◆ EXERCISE DATA:
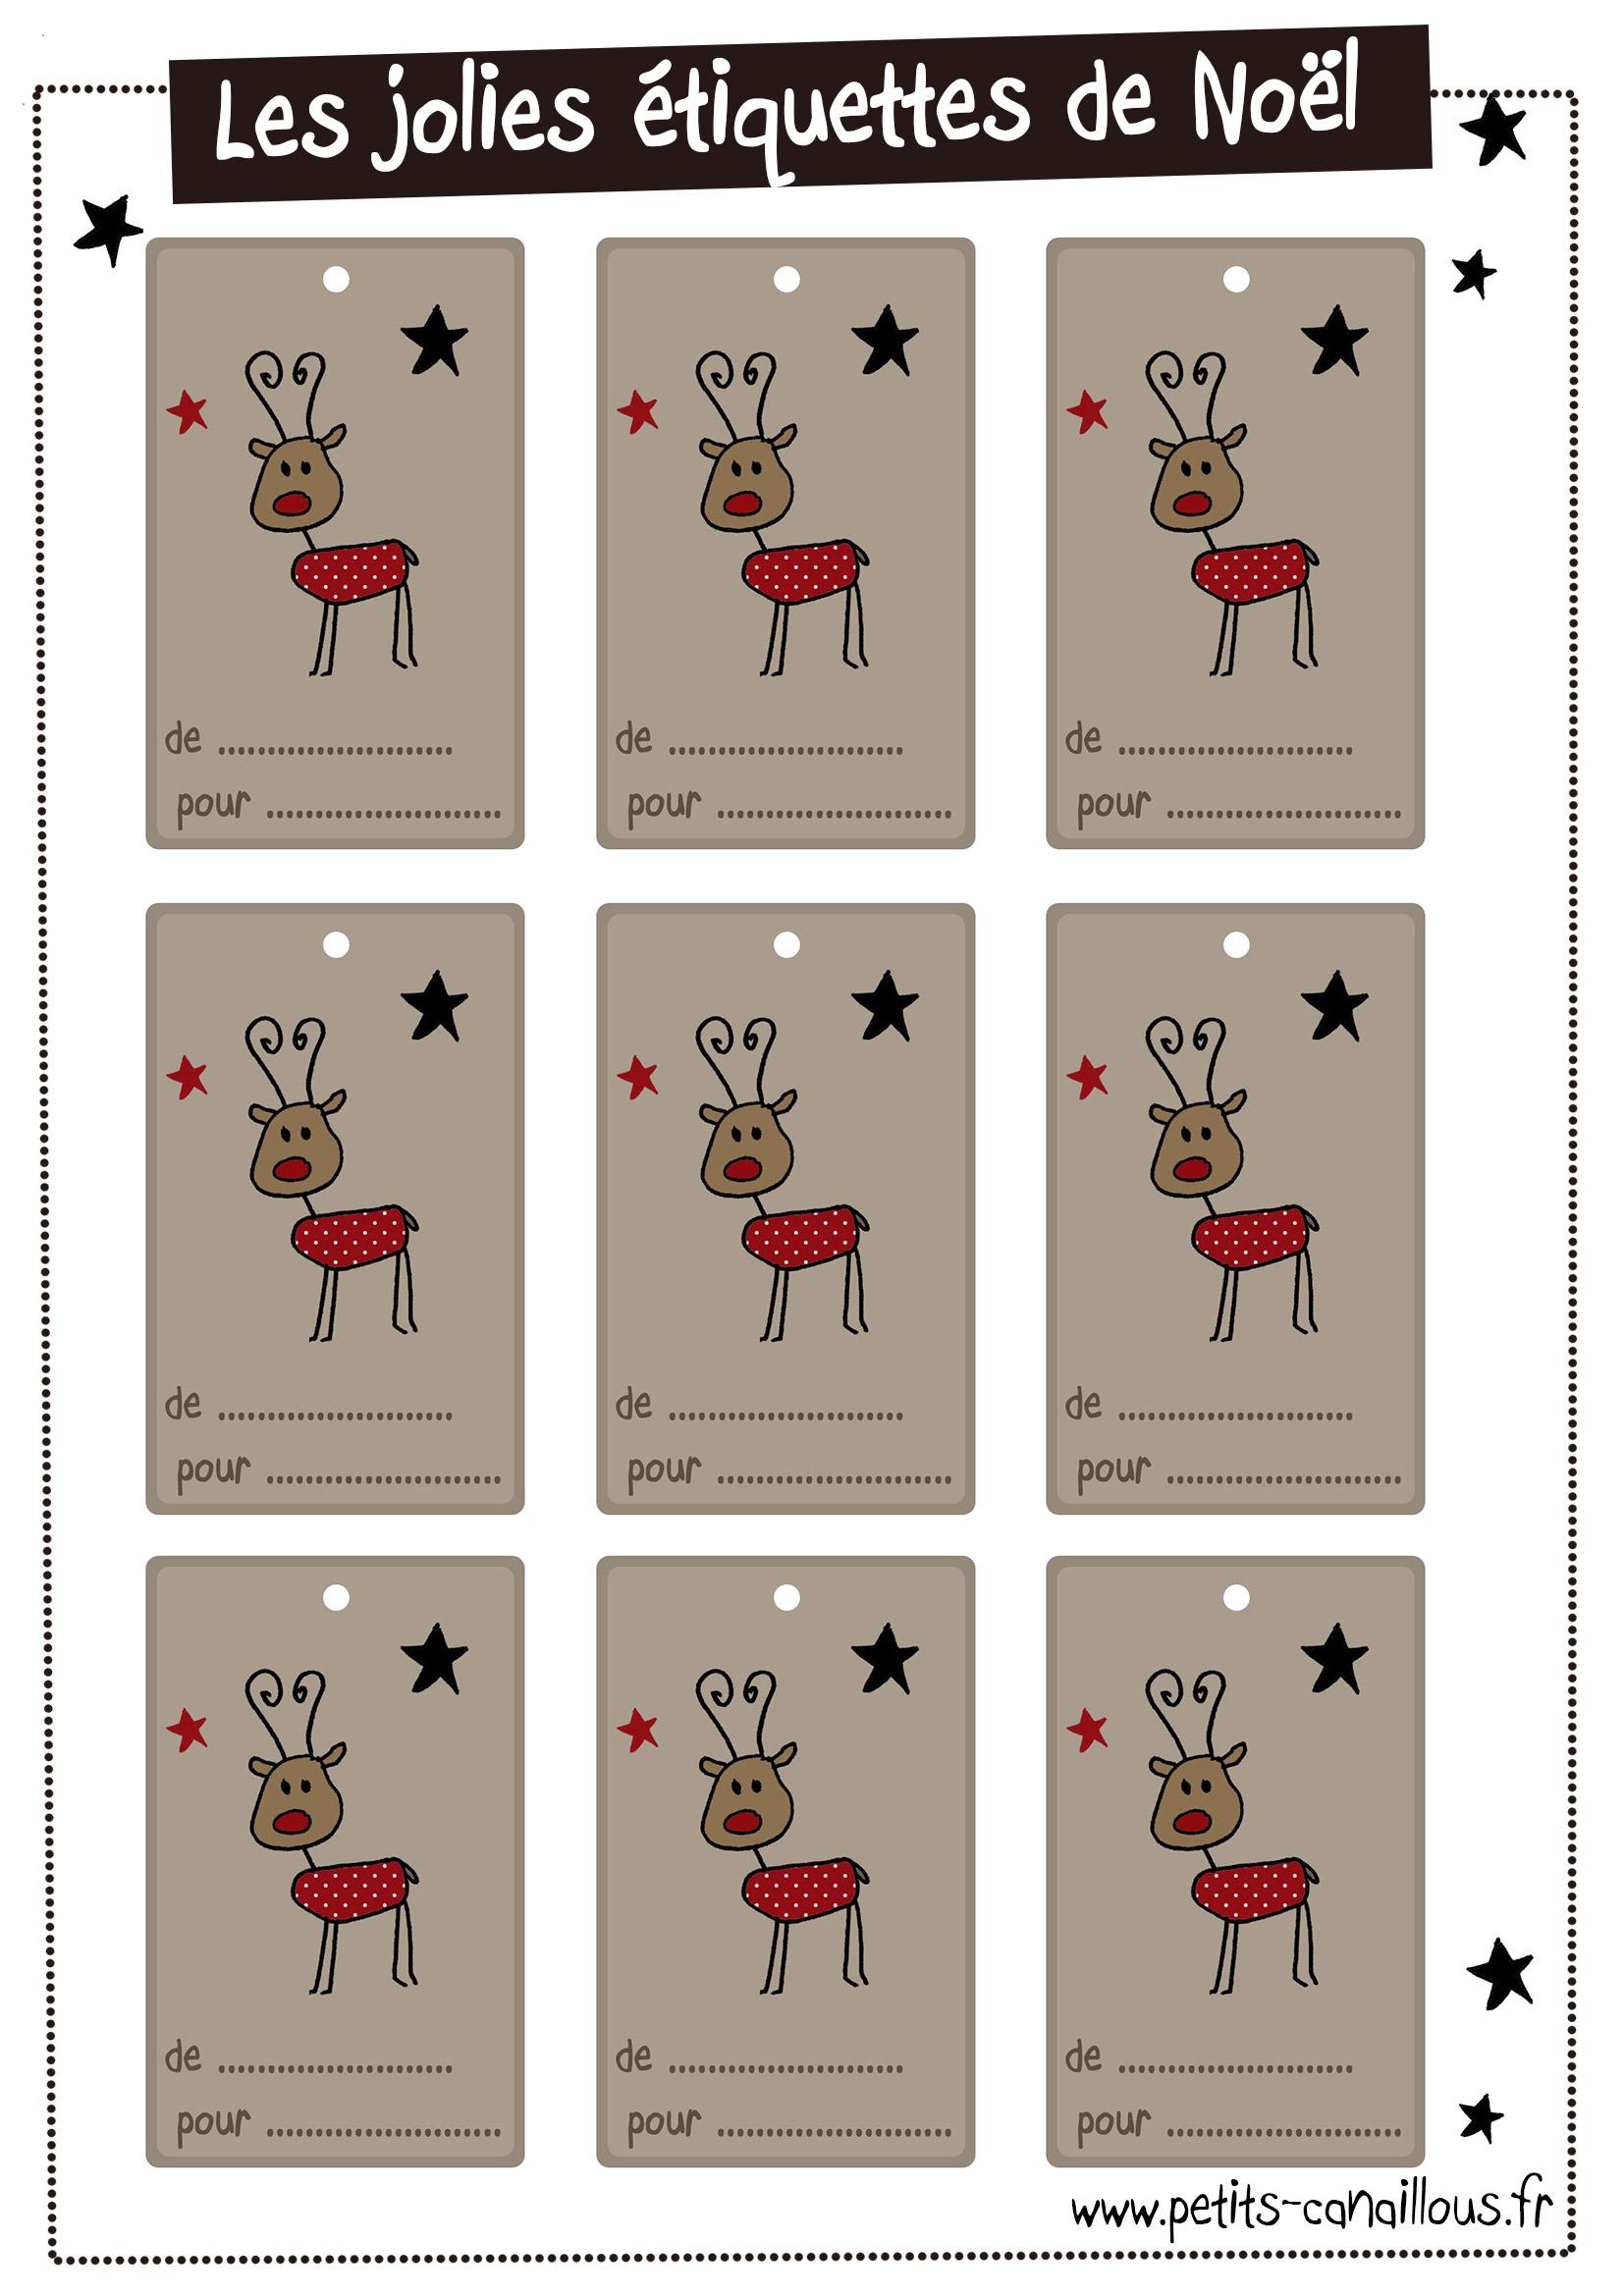 Diy Noël] 20 Planches D'étiquettes À Imprimer Gratuitement dedans Etiquette Noel A Imprimer
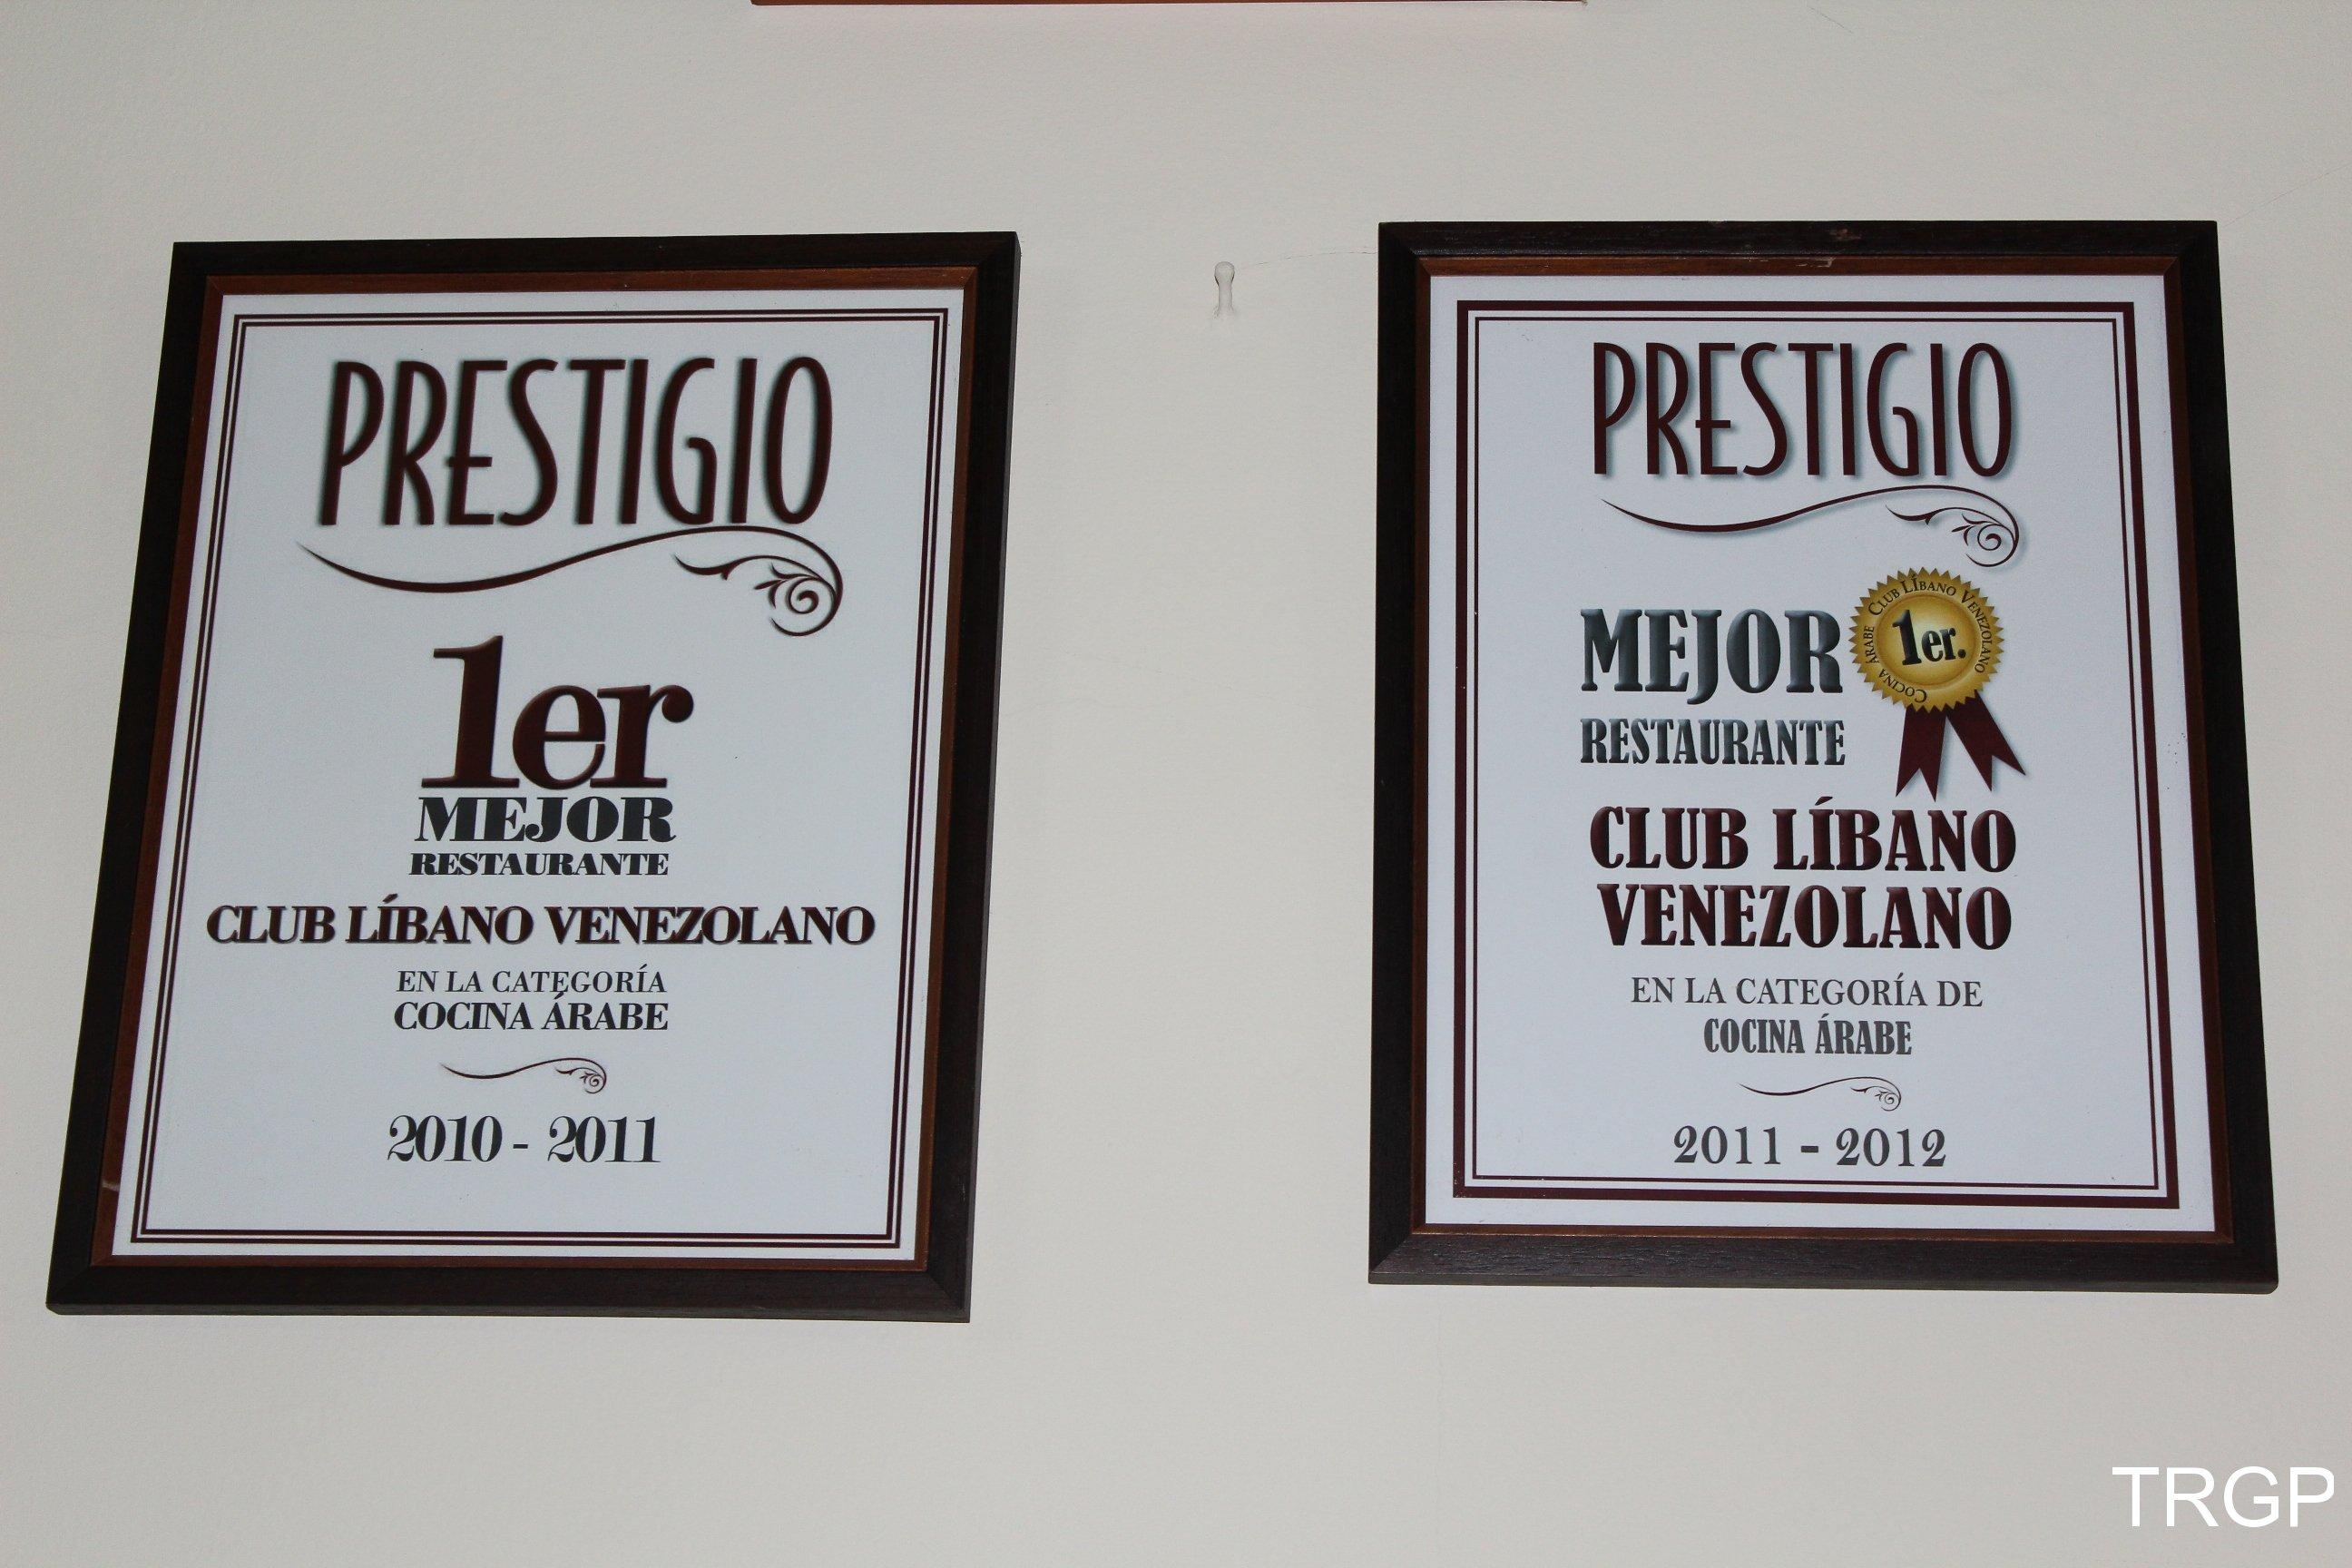 Club Líbano Venezolano
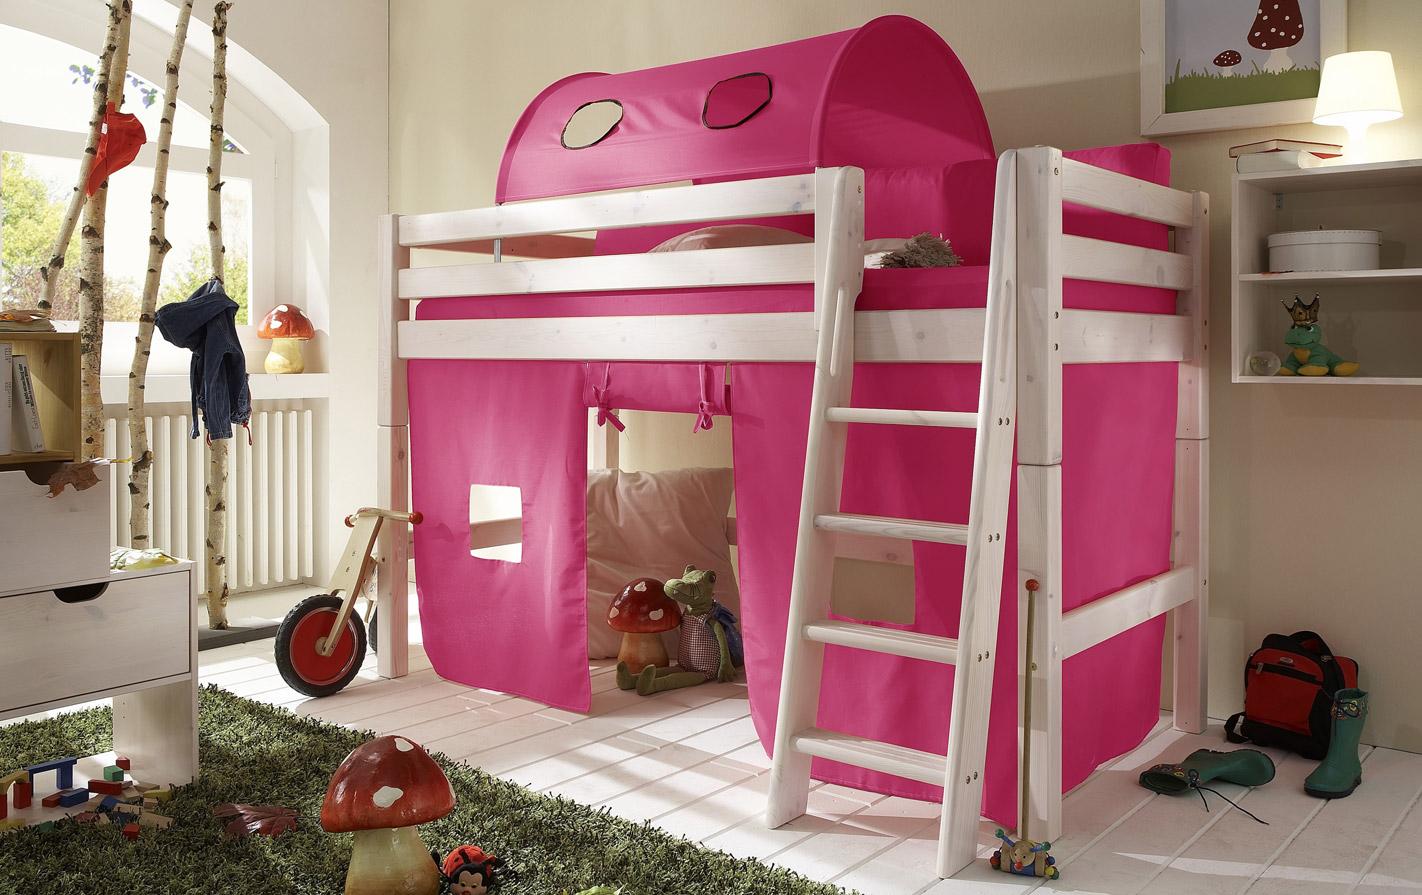 Pinker Spielvorhang Mini-Hochbett in unifarben

◆ EXERCISE: Copy out the listing word for word and skip its pictures.

◆ PROBLEM SOLUTION:
 Diy Noël] 20 Planches D'étiquettes À Imprimer Gratuitement dedans Etiquette Noel A Imprimer
 Club Líbano Venezolano
 Pinker Spielvorhang Mini-Hochbett in unifarben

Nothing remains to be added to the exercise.